Peygamber -sallâllâhu aleyhi ve sellem- ile birlikte oturuyorduk. İki adam kavga ederek birbirine sövüp hakaret etti. Birisinin öfkeden yüzü kıpkırmızı olmuş ve boyun damarları şişmişti. Bunun üzerine Peygamber -sallâllâhu aleyhi ve sellem- şöyle dedi:

 

“–Ben bir söz biliyorum ki eğer bu kişi onu söylese üzerindeki hâl kalkar. Eğer; «Eûzü billâhi mineşşeytânirracîm» (Kovulmuş şeytandan Allâh’a sığınırım) dese üzerindeki hâlden kurtulur.” 

 

Bunun üzerine oradakiler adamın yanına giderek; 

 

“–Peygamber -sallâllâhu aleyhi ve sellem-, kovulmuş şeytandan Allâh’a sığınmanı söyledi.” dediler.5

 

2. Bulunduğu Yeri Terk Etmek

 

Bununla alâkalı olarak Hazret-i Peygamber şöyle buyurmuştur: 

 

Sizden birisi öfkelendiğinde ayakta ise otursun. Bu durum onu sakinleştirmezse yanı üzere yatsın.6

 

Tartışma ânında yapılacak en iyi müdahalelerden bir tanesi de bulunduğumuz hâli değiştirmektir. Bilinen bir durumdur ki, tartışmanın uzamasının en büyük sebeplerinden bir tanesi de tarafların aynı ortamda bulunmaya devam etmeleridir. Hadîsimizde bizlere tavsiye edilen; böyle anlarda, kısa süreli olarak bulunduğumuz ortamı terk etmektir. Çünkü kişi içinde bulunduğu durumun tahlilini; ancak o ortamdan uzaklaşıp yalnız başına kaldığında, hâdiseye ve ortama uzaktan baktığında yapabilir. Ayrıca hadîsin devamında zikredilen uyku da öfkeyi sakinleştiren en güzel ilâçlardan birisidir.

 

3. Abdest Almak

 

Su, sahip olduğumuz en kıymetli nimetlerdendir. İnsana, toprağa can verdiği gibi; gönülde çoraklaşan duygulara da can verir. Nitekim Efendimiz -aleyhisselâm-;

 

Gazap şeytandandır. Şeytan da ateşten yaratılmıştır. Ateş, ancak su ile söndürülür. Biriniz kızdığı zaman abdest alsın.7 buyurarak, suyun kötü duygular üzerindeki bu tesirine işaret etmektedir.

 

Rabbim; bizleri, Allah için öfkesini yutan, sevdiğini Allah için seven, kızdığına da Allah için kızan kullarından eylesin.
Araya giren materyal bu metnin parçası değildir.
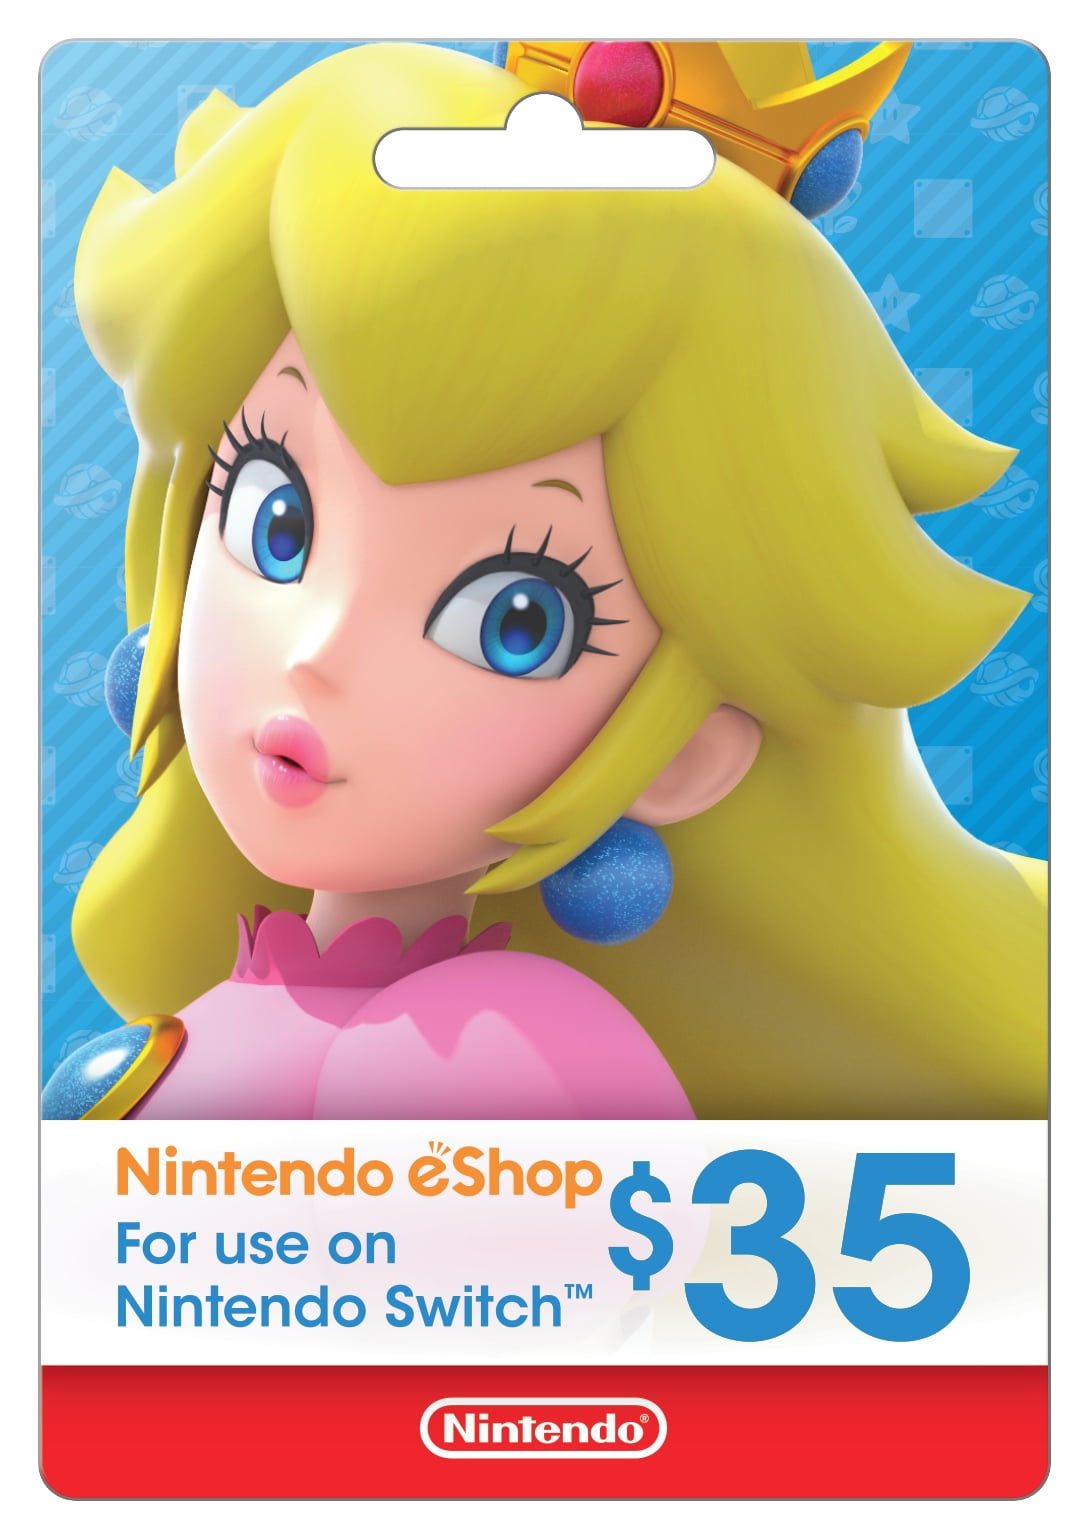 Premonition Landsdækkende essens Nintendo eShop $35.00 Physical Gift Card featuring Peach - Walmart.com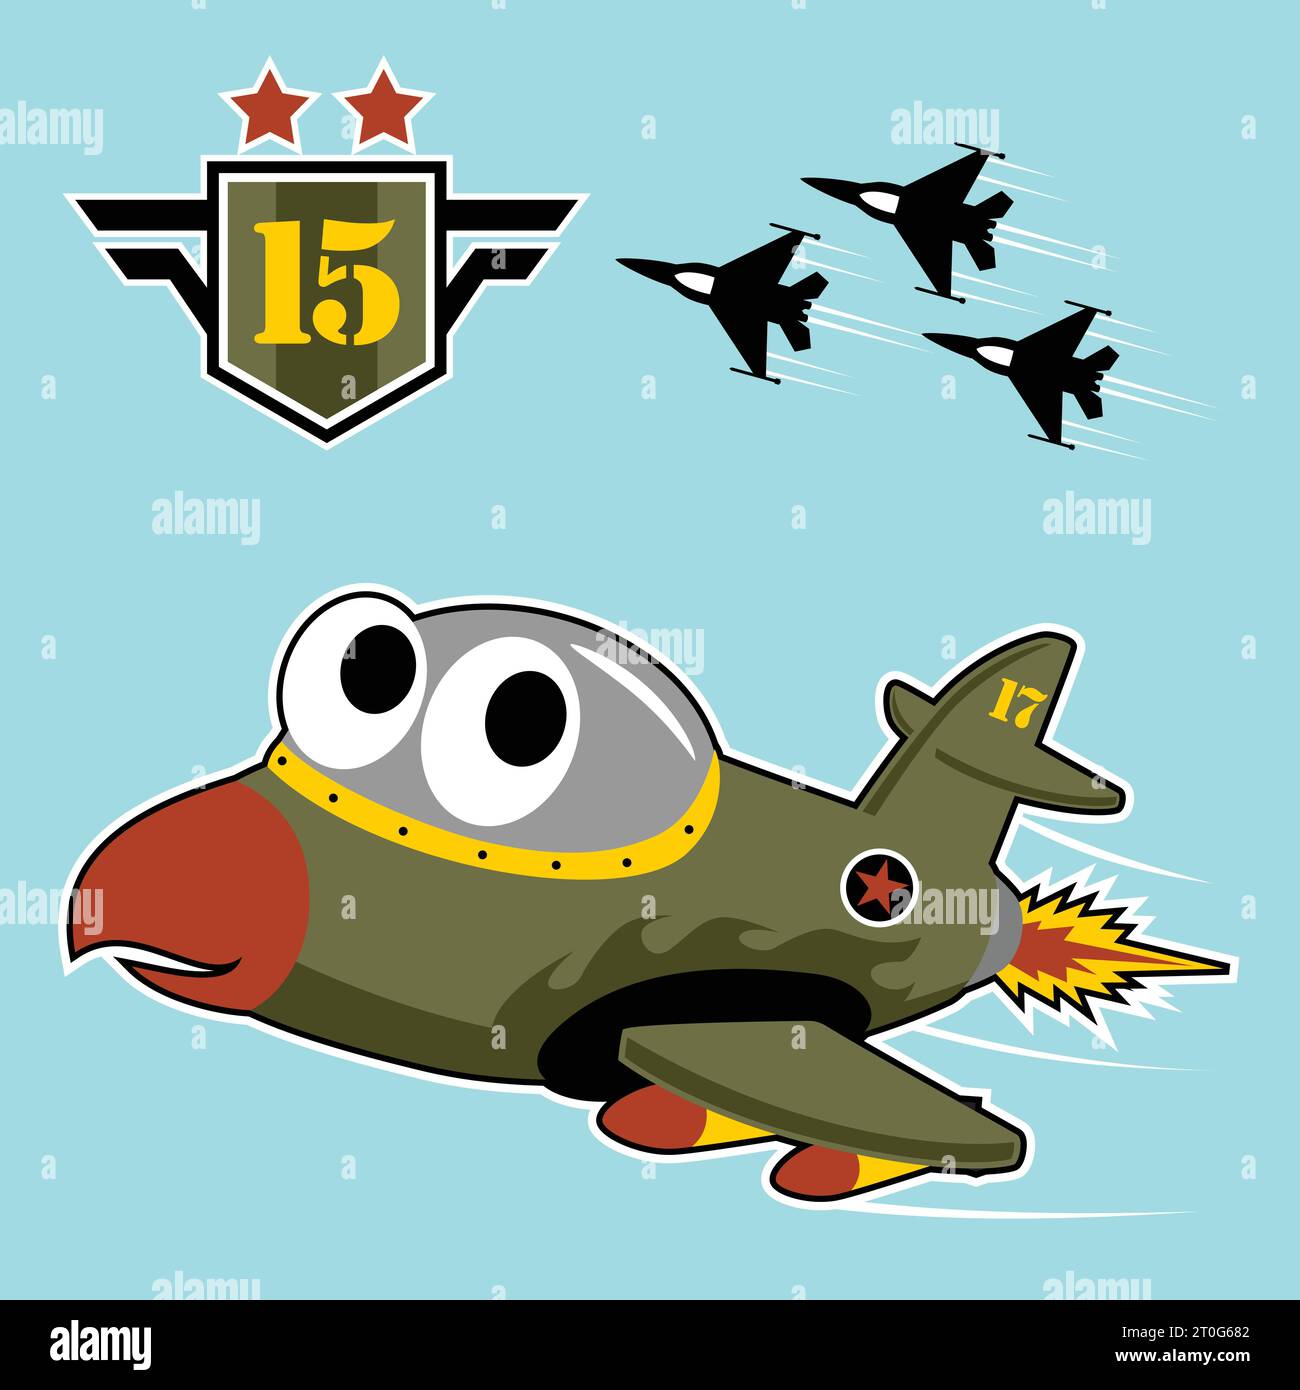 Funny warplane with a military logo, vector cartoon illustration Stock Vector

Âmîn… 

 

____________

 

Âl-i İmrân, 3/134.

 

Buhârî, Edeb, 76; Müslim, Birr, 107.

 

Buhârî, Edeb, 76: Tirmizî, Birr, 74.

 

el-Mâide, 5/8.

 

Buhârî, Edeb, 102; Müslim, Birr, 109.

 

Ebû Dâvûd, Edeb, 3.

 

Ebû Dâvûd, Edeb, 3.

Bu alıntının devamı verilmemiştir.